Additionally, the proposed Contextual Questions are designed to allow focused discussion of health equity considerations and structural barriers relevant to equitable implementation of screening should the U.S. Preventive Services Task Force recommend it. These include consideration of equitable risk assessment; barriers and facilitators to delivery of screening, treatment, and eradication testing; population-level harms related to antimicrobial resistance; and age at screening.

The proposed Research Approach identifies the study characteristics and criteria that the Evidence-based Practice Center will use to search for publications and to determine whether identified studies should be included or excluded from the Evidence Review.
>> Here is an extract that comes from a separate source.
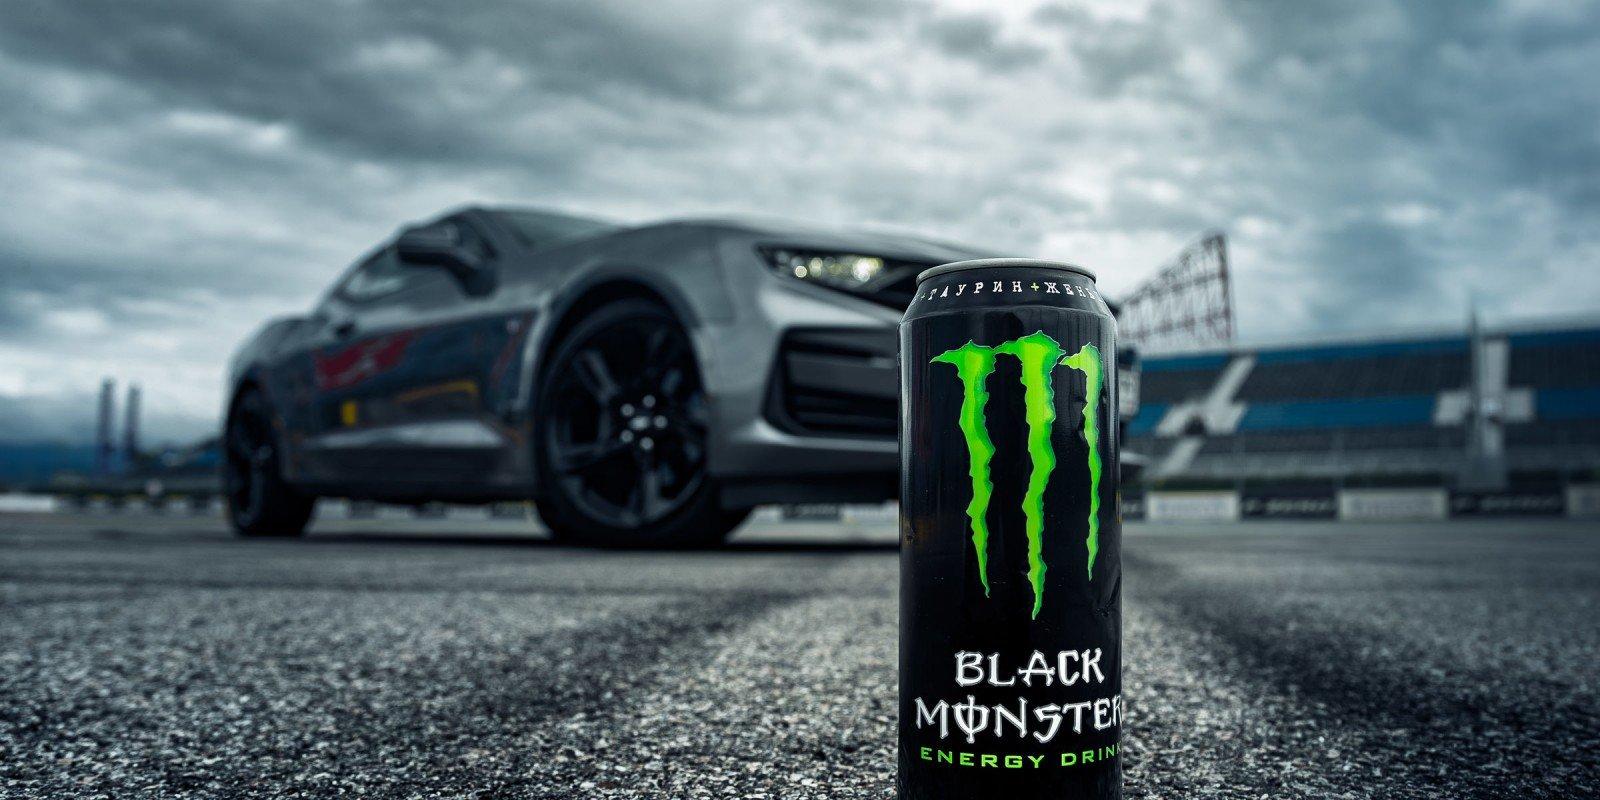 Black Monster открыл сезон охоты на Chevrolet Camaro
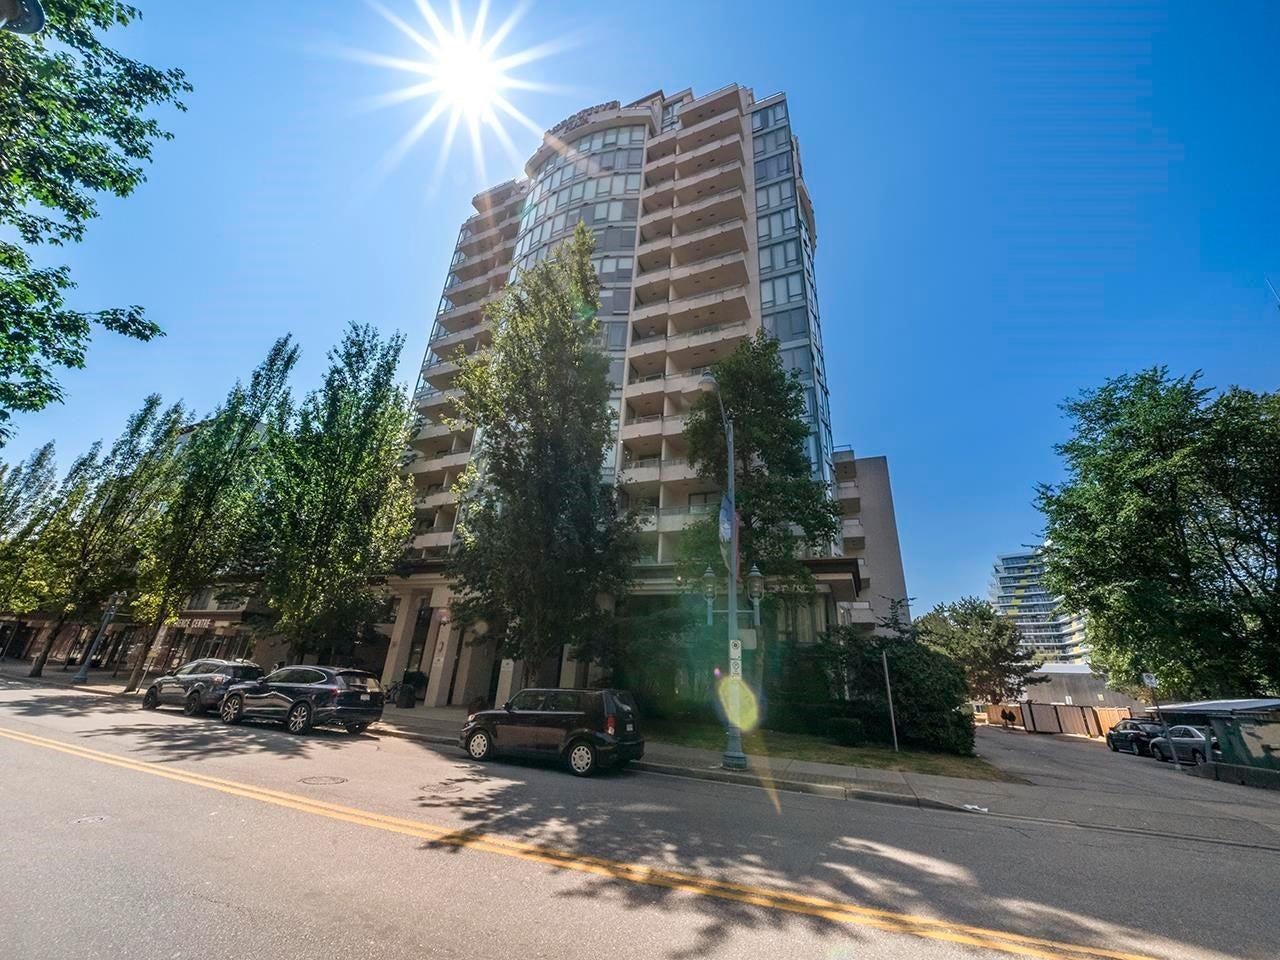 1504 5911 ALDERBRIDGE WAY - Brighouse Apartment/Condo for sale, 2 Bedrooms (R2605319)

Criteria are overarching as well as specific to each of the Key Questions.

Criteria Include Exclude
Populations Asymptomatic children or adults, with or without known risk factors (e.g., exposure to areas with high H. pylori prevalence, family history of gastric cancer)

Unselected populations and persons with unrecognized or unreported symptoms		 Populations with personal history of gastric cancer

Populations with previous confirmed H. pylori infection

Populations with previous treatment of H. pylori infection
Screening interventions Screening tests for detecting H. pylori infection (e.g., urea breath; stool antigen; stool PCR; blood antibody; urine antibody; endoscopic biopsy)  
Treatment interventions Combination therapy with antibiotics, with or without educational intervention  
Comparators KQ 1: No H. pylori screening; usual care; opportunistic case finding

KQ 2: Any reference standard; endoscopic biopsy where available

KQ 3: No treatment; placebo treatment

KQs 4, 5: Any or no comparator

 KQ 3: Alternate combination therapy
Outcomes KQs 1, 3:
  • Gastric adenocarcinoma morbidity, mortality.
  • Other upper gastrointestinal cancers (e.g., MALT lymphoma; esophageal cancer) morbidity, mortality.
  • All-cause mortality.
  • Health-related quality of life.
  • Gastritis; peptic ulcer disease.

KQ 2: Sensitivity, specificity, false-positive rate, false-negative rate, predictive value

KQs 4, 5: Any serious harm (e.g., as reported by study investigators; requiring unexpected medical attention; or persistent beyond 3 months)

  
Setting Studies conducted in countries categorized as “Very High” or “High” on the most recent Human Development Index (as defined by the United Nations Development Programme)  
Study design KQ 1: Randomized trials, controlled trials, nonrandomized studies of screening programs with contemporaneous controls

KQ 2: Diagnostic test accuracy studies; systematic reviews of diagnostic test accuracy

KQ 3: Randomized trials, controlled trials

KQs 4, 5: Randomized trials, controlled trials, large screening registry or database nonrandomized studies, cohort studies, systematically selected case series

 KQ 3: Comparative effectiveness studies; cost effectiveness studies
Publication language English  
Timing 1982 (year of discovery of H. pylori) to present  

Abbreviations: KQ=key question; MALT=mucosa associated lymphoid tissue; PCR=polymerase chain reaction.